Strawberry Jam is pretty amazing on just about everything! Use it as a topping for Vanilla Ice Cream, on Sheet Pan Pancakes, or on Homemade Cheese Danishes. Peanut butter and jelly sandwiches made with Homemade Bread and Strawberry Jam will blow their minds!
Table of Contents
Why You’ll Love This Strawberry Freezer Jam Recipe
The best way to take advantage of classic summer strawberries is to make strawberry jam to enjoy in any season. Infinitely easier than water bath canning, freezer jam sets up beautifully with MCP pectin. It will keep that fresh strawberry flavor for over a year. With this fantastic and delicious strawberry freezer jam recipe, you can’t go wrong!
- Four simple ingredients
- No cooking is needed for this strawberry freezer jam recipe
- Freezer jam retains the color of the fresh berries you started with.
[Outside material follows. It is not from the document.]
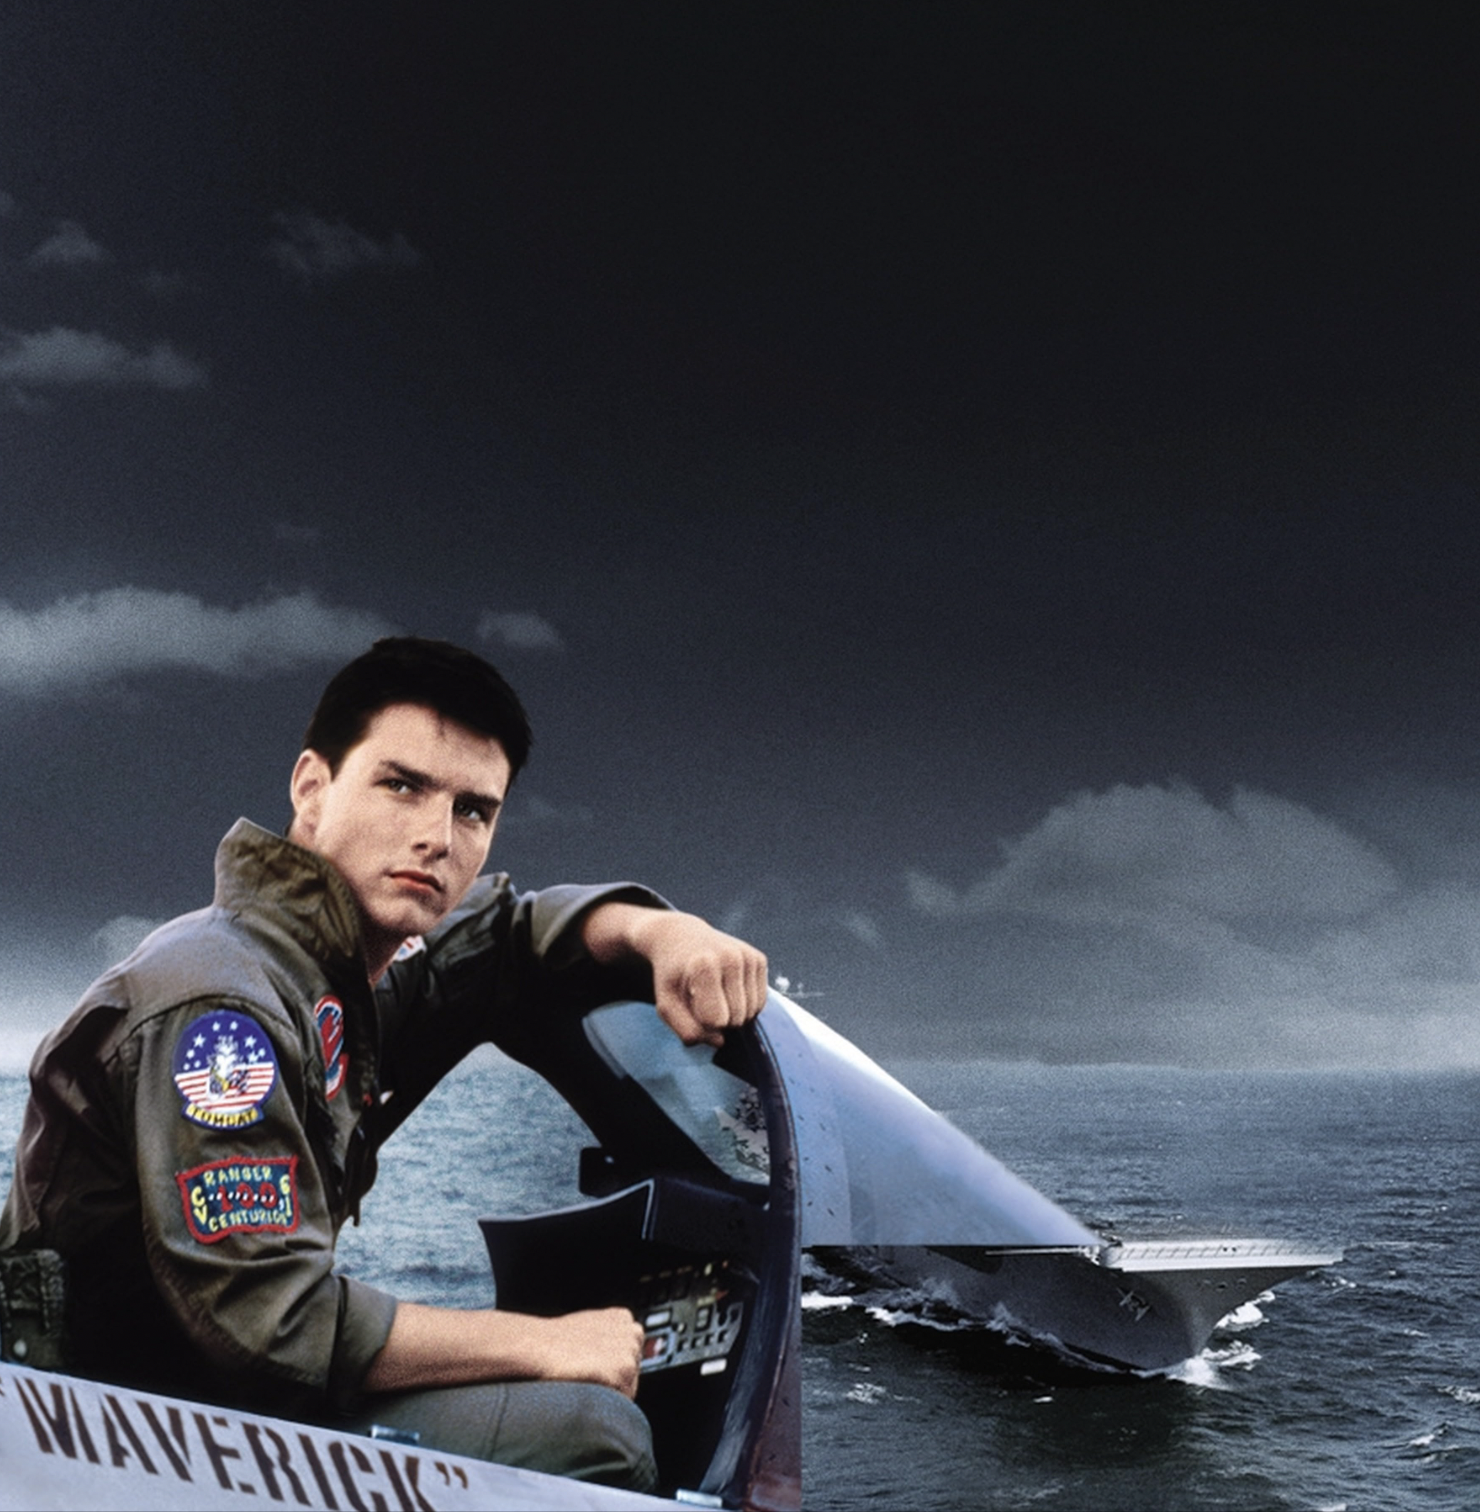 <p>In the 1986 blockbuster film "Top Gun," Tom Cruise portrays the reckless Navy pilot Maverick, who plays “dice with death.” But during production, Cruise, who was still new to the stunt game and had yet to break any bones, had a close brush with death himself.  During the filming of the heart-wrenching scene where the character "Goose," played by Anthony Edwards, tragically dies in an aborted mission, an actual accident occurred that almost cost Tom Cruise his life.</p><p>According to Barry Tubb, who portrayed "Wolfman" in the film, Cruise came perilously close to death on set. While shooting a scene where Cruise's character, Maverick, cradles Goose's body in the ocean, waiting for rescue, Cruise was unaware that his parachute had begun filling with water.</p><p>“Cruise came as close to dying as anybody on a set I’ve ever seen,” <a href="https://nypost.com/2011/08/28/tom-cruises-danger-zone/">said </a>co-star Barry Tubb. "They were refilling the camera or something, and luckily, one of the frogmen in the chopper saw his chute ballooning out. He jumped in and cut Cruise loose right before he sank. They would have never found him. He would have been at the bottom of the ocean."</p>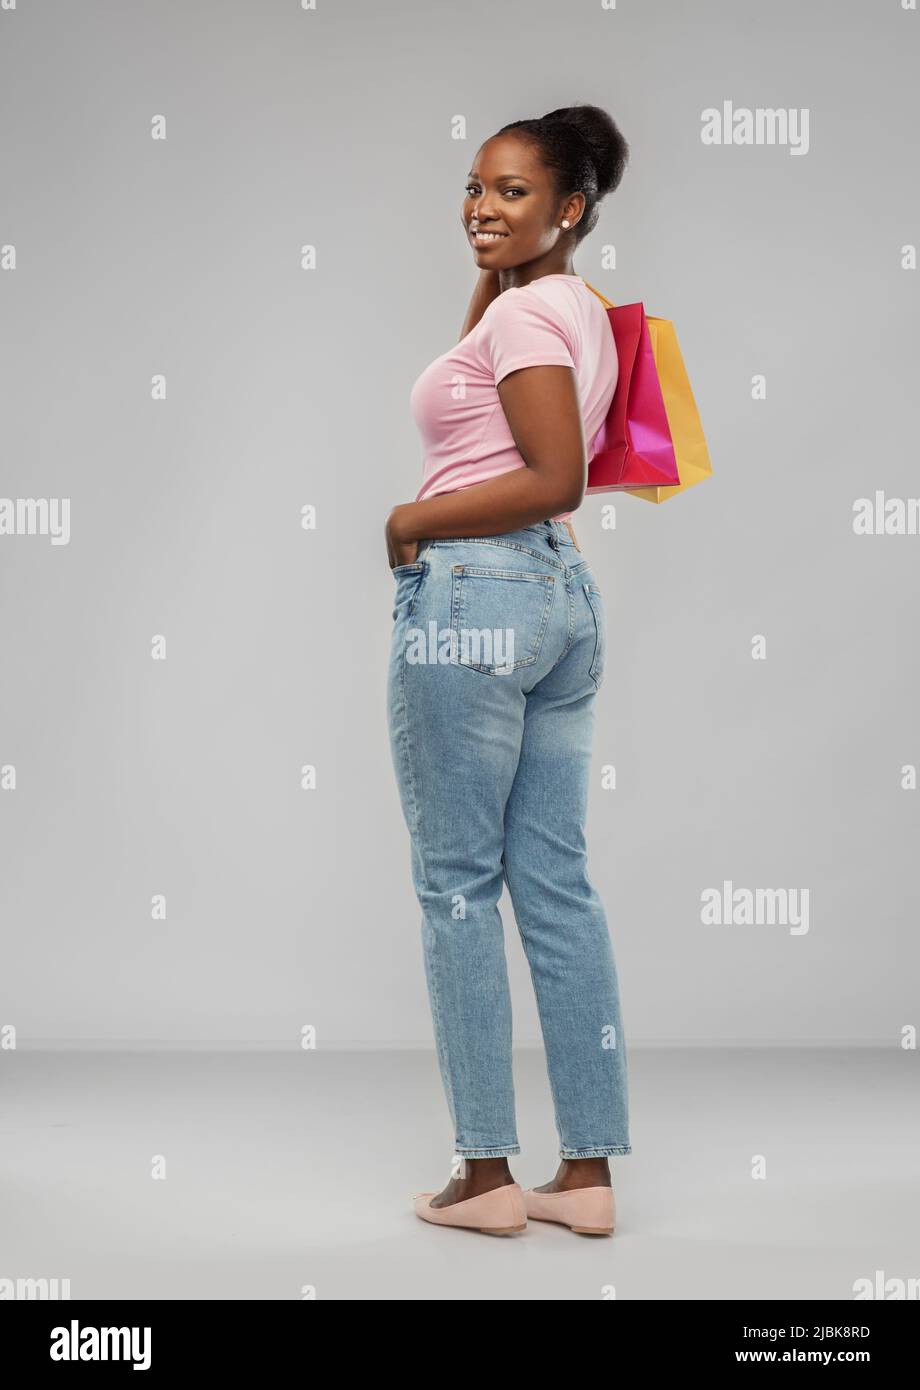 happy african american woman with shopping bags Stock Photo

- You can control the sweetness when using MCP pectin
- Strawberry freezer jam is vegan (gelatin-free)
- Makes enough freezer jam to share (lucky people)
- Strawberry jam lasts in the freezer for 1-2 years (only if you don’t share)
What Is The Difference Between Regular Jam And Freezer Jam?
The short answer is: Regular jam is cooked, and freezer jam is not.
The less short answer: Preserving strawberries with sugar is done by either hot water bath canning or by freezing. Freezer jam usually requires little to no cooking, like this strawberry freezer jam recipe. Yay!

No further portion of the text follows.